W2K Domain Login Problem with 2.2.0
Steve Langasek
vorlon at netexpress.net
Mon Apr 23 16:34:09 GMT 2001
On Tue, 24 Apr 2001, Andrew Bartlett wrote:
> Gerald Carter wrote:
> >
> > Andrew Bartlett wrote:
> > >
> > > That's it as it stands anyway, but admins LIKE pam,
> > > because all applications use the same criteria deciding
> > > on a users validity - without PAM, my uni's IT department
> > > couldn't allow logins into its SSH server - because
> > > ssh.com doesn't support PAM. OpenSSH however supported
> > > pam and allows users to authenticate against LDAP.
> > > PAM is worth the effort - it really is.
> >
> > Some admins like PAM. Some just like it some of the time.
> > :-)
> >
> > >
> > > OK, so we have found our problem.
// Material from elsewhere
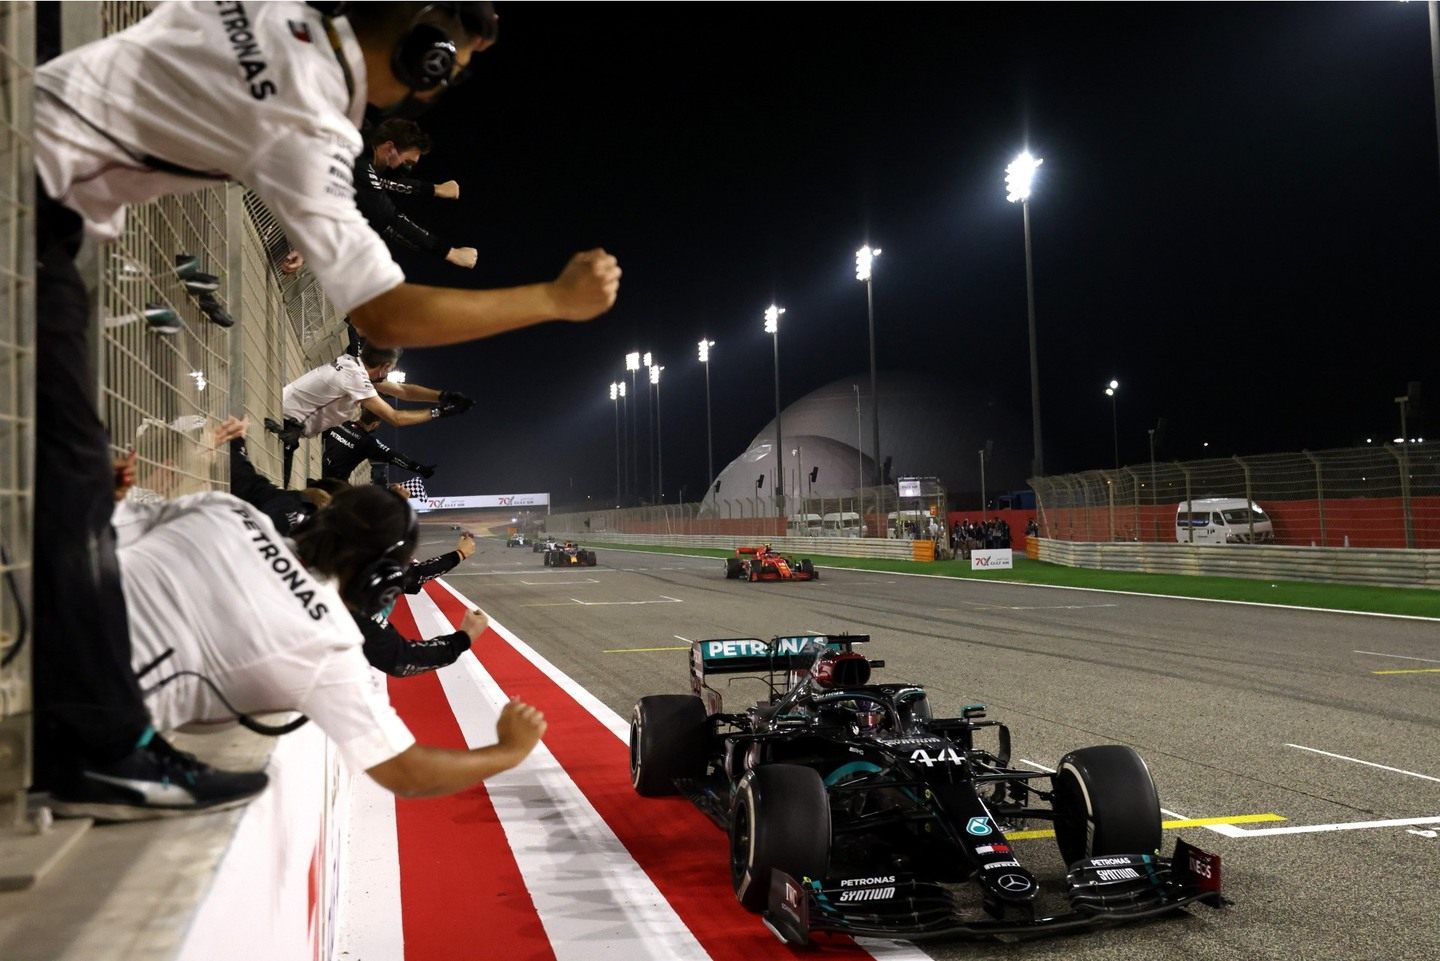 Победный финиш Льюиса Хэмилтона на Гран При Бахрейна © Mercedes AMG F1 / Steve Etherington

Its misconfigred
> > > systems - users who are not using our supplied PAM config.
> >
> > I'm no RPM expert, but isn't this our fault?
> >
> > %attr(-,root,root) %config(noreplace) /etc/pam.d/samba
>
> Nope, becouse the install script stomped all over /etc/pam.d/samba
> anyway. That makes the spec file broken, but not broken in this
> respect.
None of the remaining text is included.